SentiLARE: Sentiment-Aware Language Representation Learning with Linguistic Knowledge
This addresses sentiment analysis tasks for NLP practitioners, offering an incremental improvement by incorporating existing linguistic resources into pre-trained models.
The authors tackled the problem of pre-trained language models lacking linguistic knowledge by proposing SentiLARE, which integrates word-level part-of-speech and sentiment polarity from SentiWordNet, resulting in new state-of-the-art performance on various sentiment analysis tasks.
Most of the existing pre-trained language representation models neglect to consider the linguistic knowledge of texts, which can promote language understanding in NLP tasks.

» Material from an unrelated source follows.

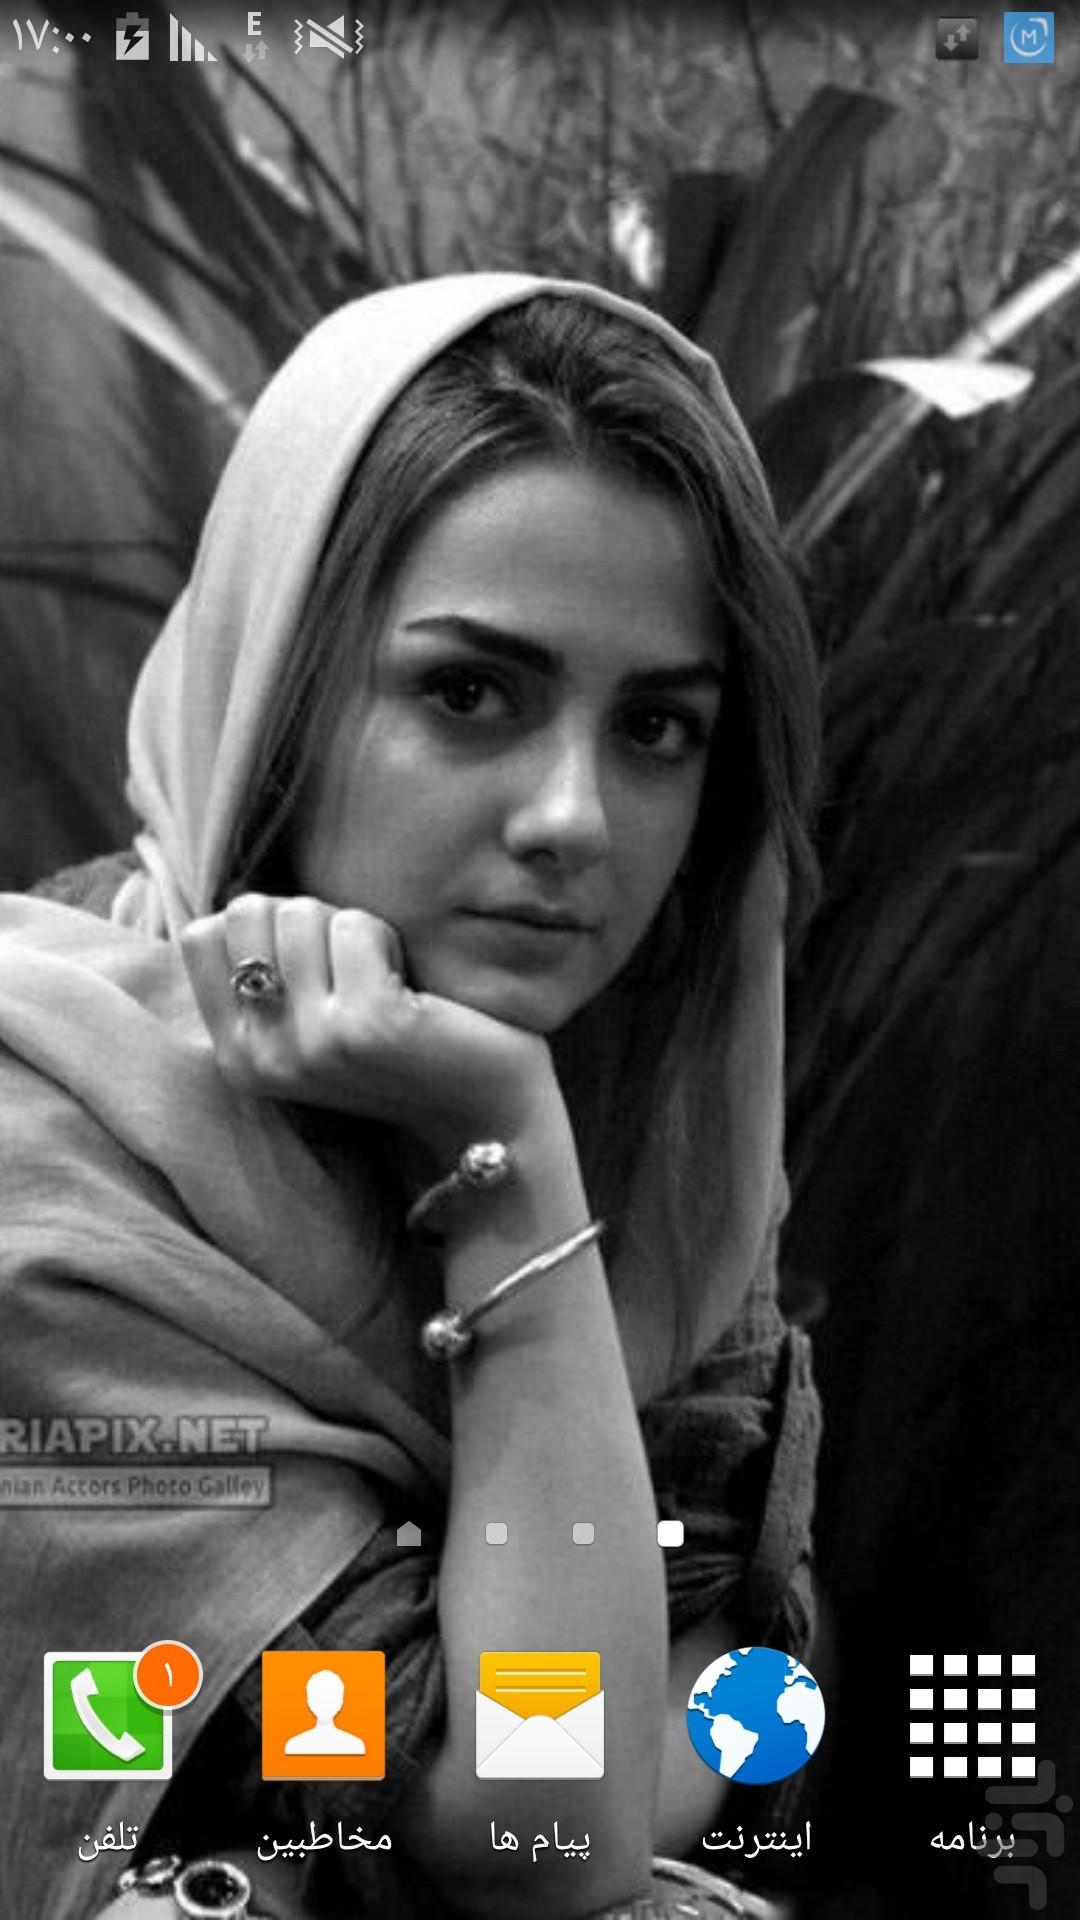 حسن فتحی کارگردان سریال شهرزاد درباره تصمیمش برای ساخت سری دوم و سوم سریال «شهرزاد

To benefit the downstream tasks in sentiment analysis, we propose a novel language representation model called SentiLARE, which introduces word-level linguistic knowledge including part-of-speech tag and sentiment polarity (inferred from SentiWordNet) into pre-trained models. We first propose a context-aware sentiment attention mechanism to acquire the sentiment polarity of each word with its part-of-speech tag by querying SentiWordNet. Then, we devise a new pre-training task called label-aware masked language model to construct knowledge-aware language representation. Experiments show that SentiLARE obtains new state-of-the-art performance on a variety of sentiment analysis tasks.